Nilkanth published her first book of essays in her teens. Her short stories revealed her penetration of the human mind, particular the mind of a woman.

===Personal essays===
- Rasadwara (1928)
- Nijananda

===Short story collections===
- Aarasini Bhitarma (1942)
- Karpasi ane Biji Vartao
- Dil Dariavna Moti (1958)
- Angulino Sparsh (1965)

===Novel===
- Kadalivan

===Children's literature===
- Shishuranjana (1950)
- Mendini Manjari (1956)
- Balakoni Duniyama Dokiyu
- Safarachand (1964)
- Padchand Kathiyaro (1964)

===Other writings===
- Gharno Vahivat (1959)
- Bal Suraksha (1961)
- Gujarati Atakono Itihas (1942)
- Muktajanoni Bhoomi (1966).

===Translations===
In addition to her own literary work, Nilkanth translated Jane Austen's Pride and Prejudice into Gujarat. She also published Sukhni Siddhi, a translation of Bertrand Russell's The Conquest of Happiness.
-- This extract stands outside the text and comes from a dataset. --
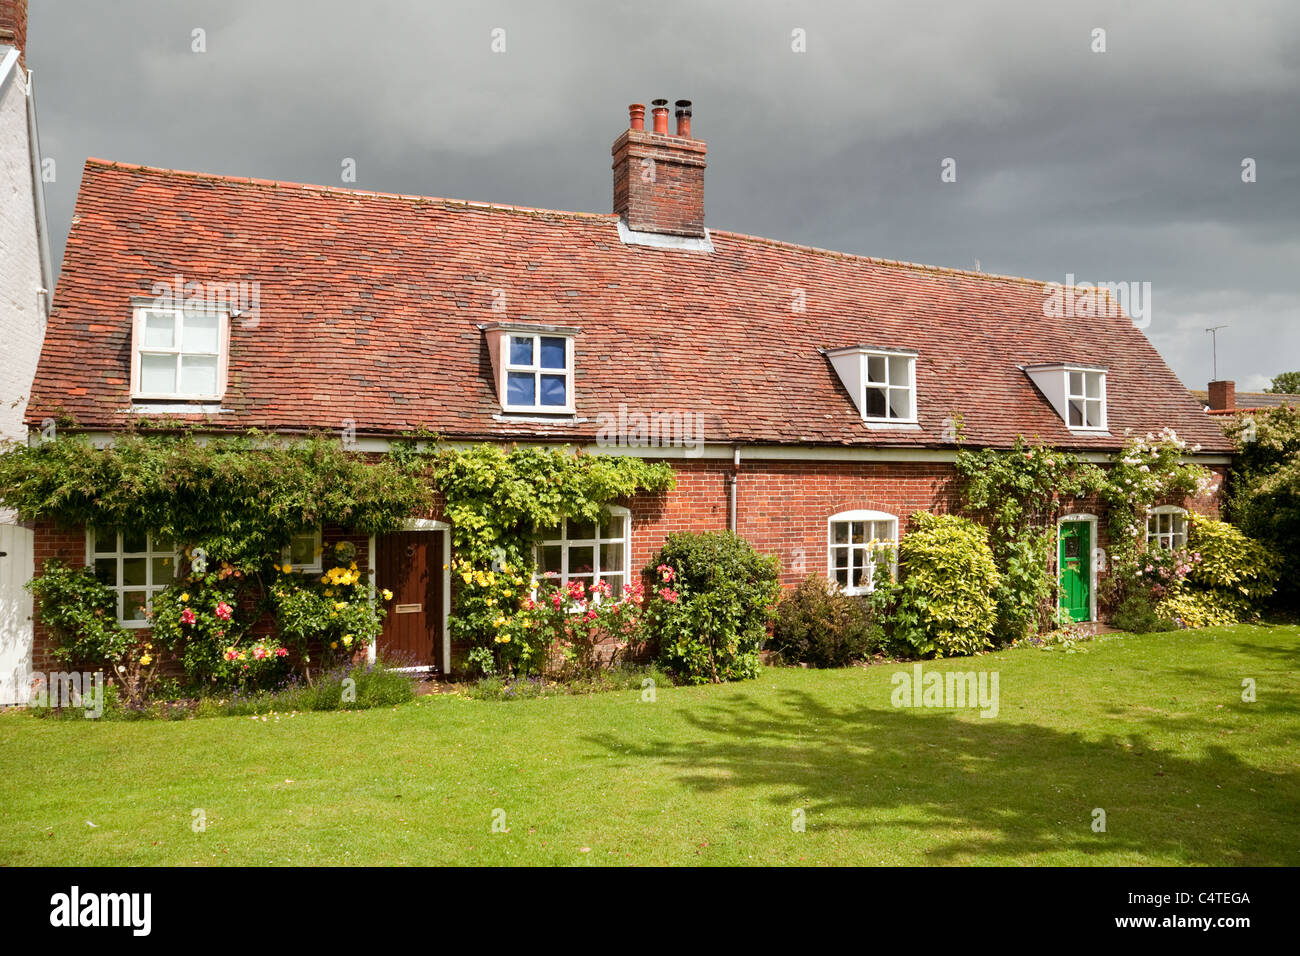 English Country Cottages Stock Photos English Country Cottages

===Journalistic writings===
From 1949, she wrote a column Ghar Gharni Jyoti in a daily paper, Gujarat Samachar, which became very popular. Her journalistic writings as a columnist have been published in five volumes: Ghar Gharni Jyot part 1, 2, 3 & 4 (1955, 1958, 1964 & 1969). The last one, Ghar Diwdi, (1987) was published after her death.

===Adaptation===
Nilkanth's short story Dariyav Dil was adapted into Gujarati film Kashino Dikro (1979) directed by Kanti Madia.

==Awards==
Her short story collections Dil Dariavna Moti won the Gujarat Sahitya Sabha Award, and her work Angulino Sparsh won the Gujarat government award.